**Work to complete**: From the listing that follows, output everything exactly except the pictures.

**Collected material**:
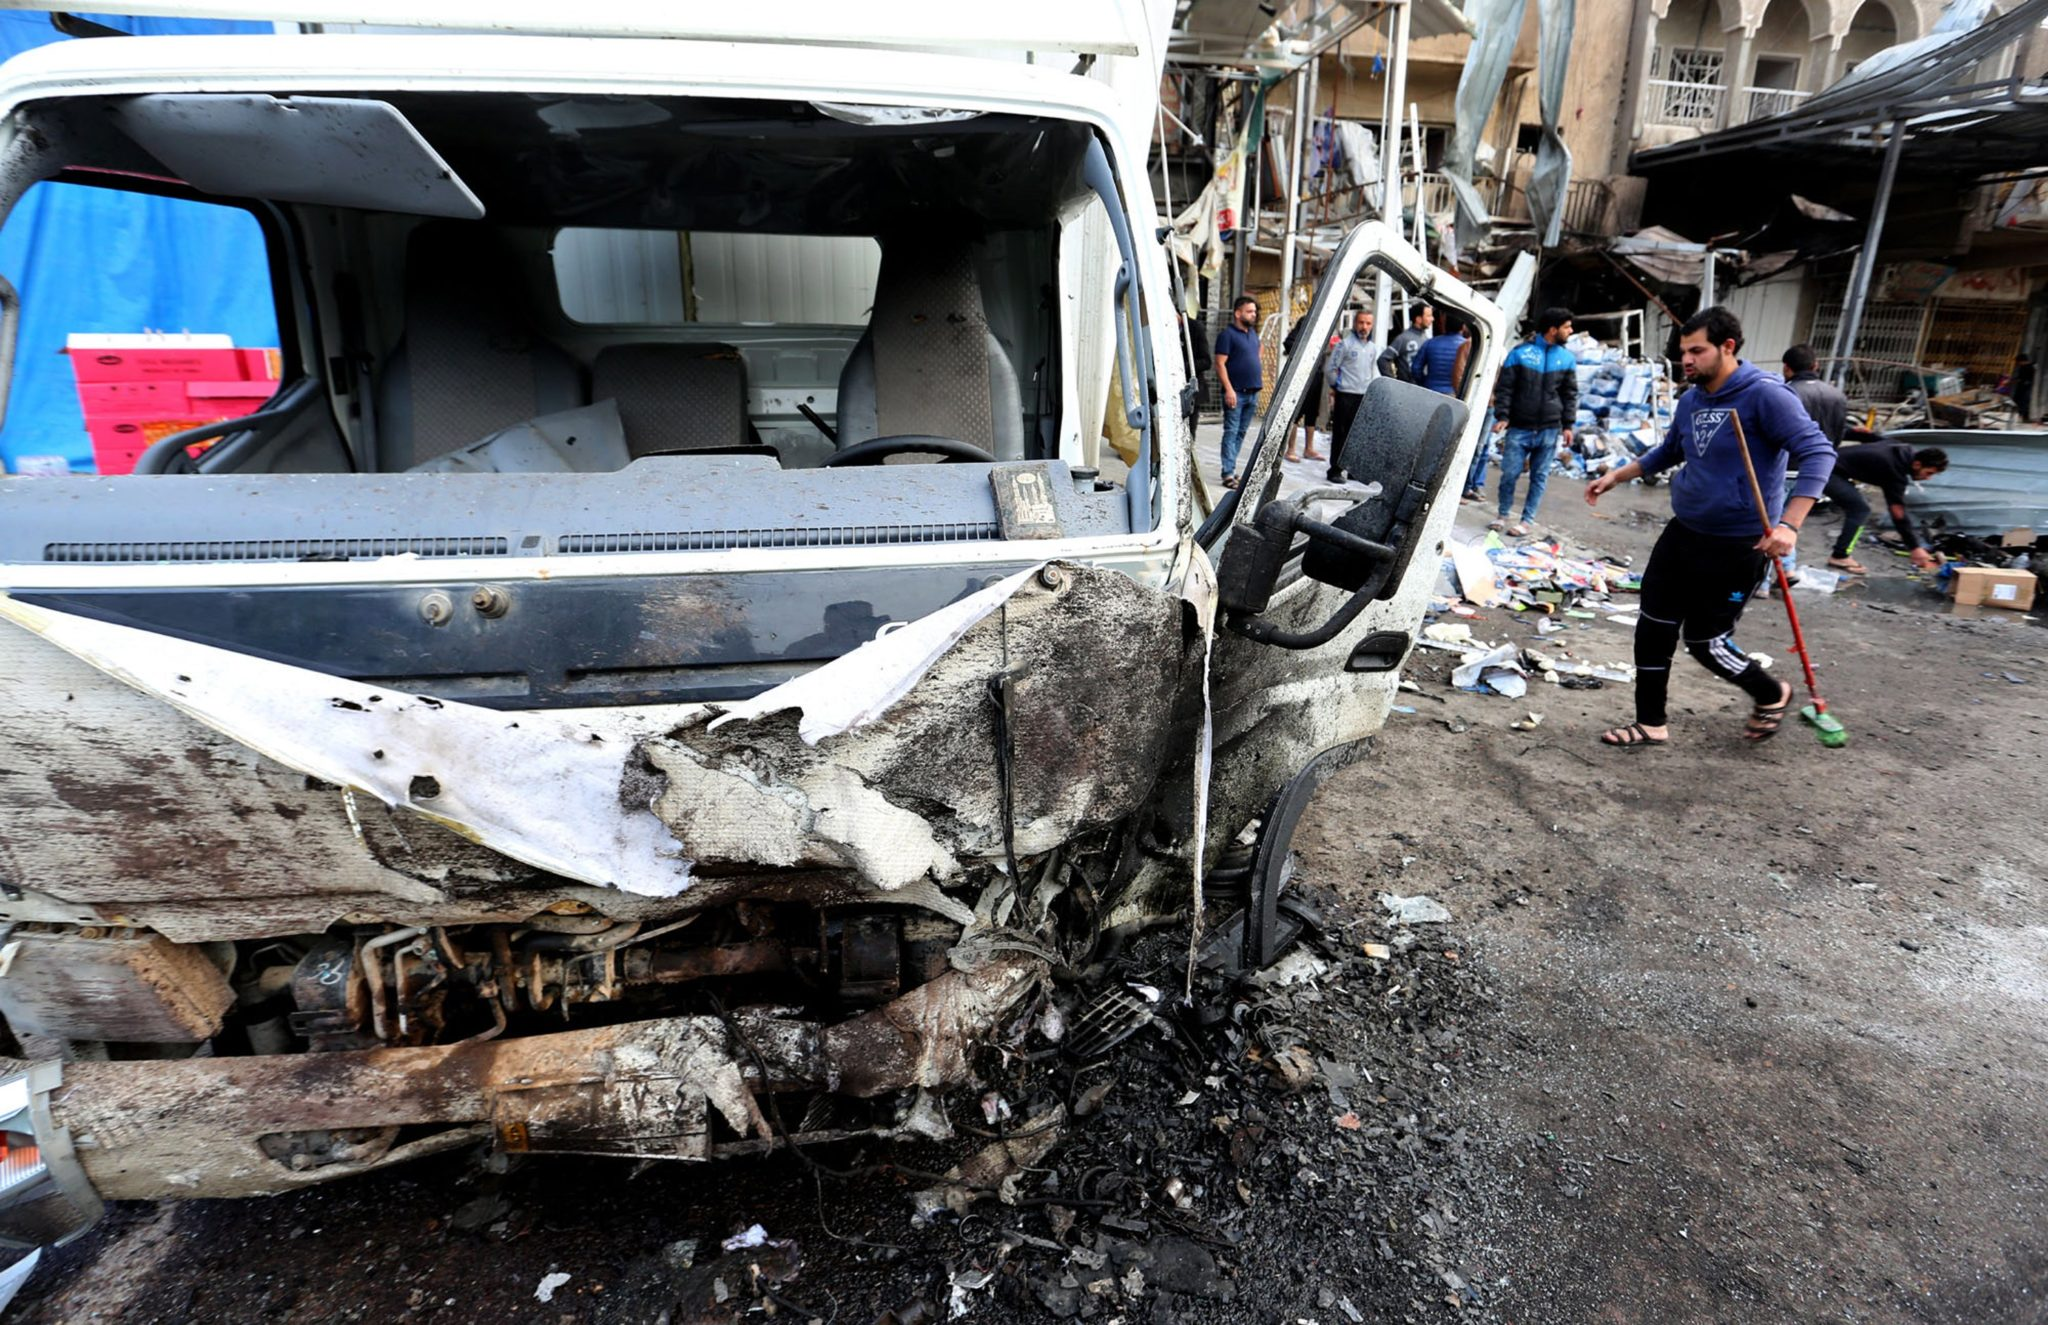 Irak: wybuch bomby w dystrykcie Amil, w wyniku zamachy zginęły 23 osoby, a 30 zostało rannych (foto. PAP/EPA/ALI ABBAS)
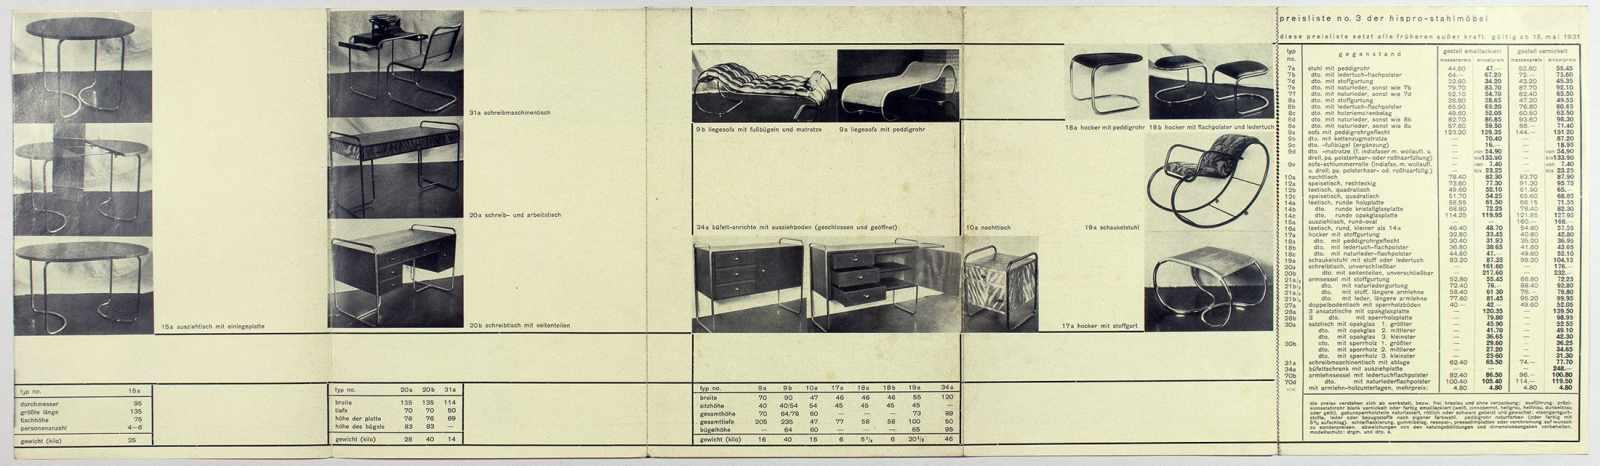 Bauhaus - Günter Hirschel-Protsch. Hispro-Stahlmöbel. Leporello mit 37 Abbildungen. 21 : 14,8 ( - Image 3 of 4
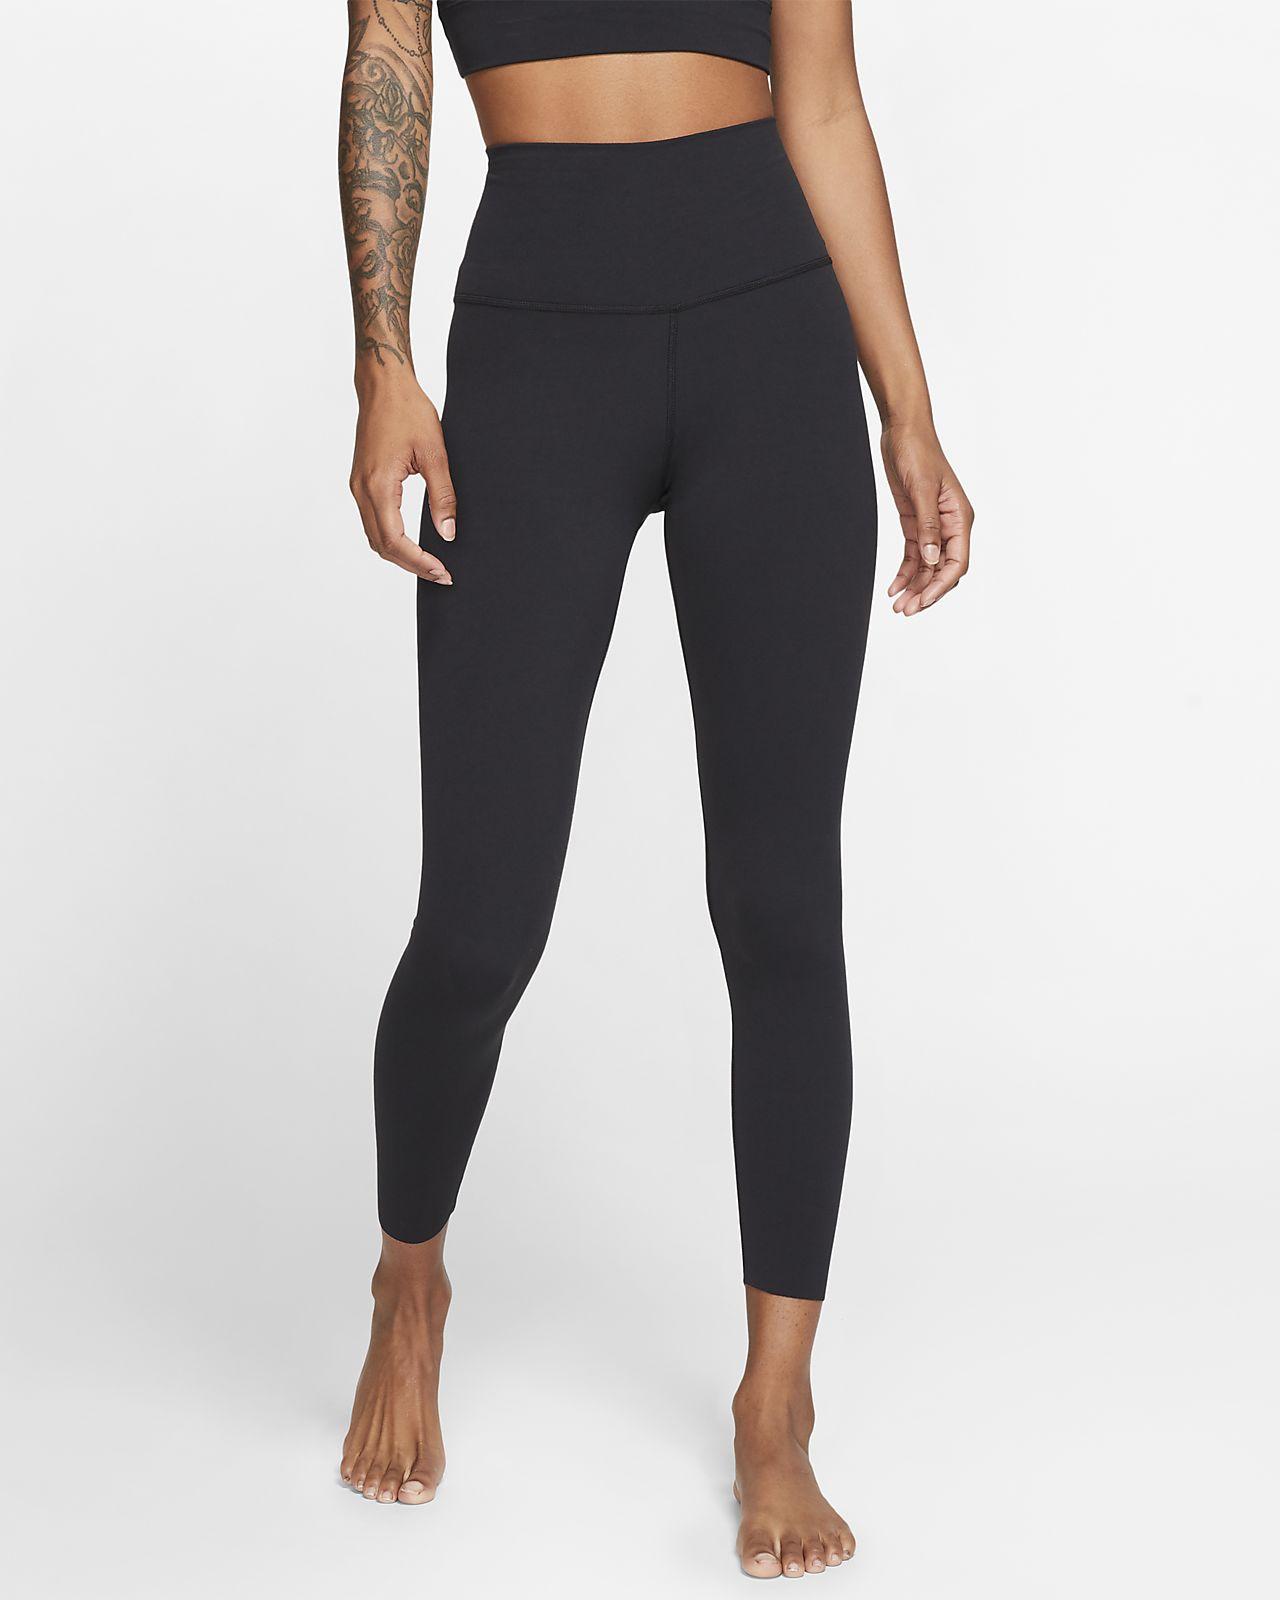 leggings nike donna 7/8

**Response**:
 Irak: wybuch bomby w dystrykcie Amil, w wyniku zamachy zginęły 23 osoby, a 30 zostało rannych (foto. PAP/EPA/ALI ABBAS)
 Bauhaus - Günter Hirschel-Protsch. Hispro-Stahlmöbel. Leporello mit 37 Abbildungen. 21 : 14,8 ( - Image 3 of 4
 leggings nike donna 7/8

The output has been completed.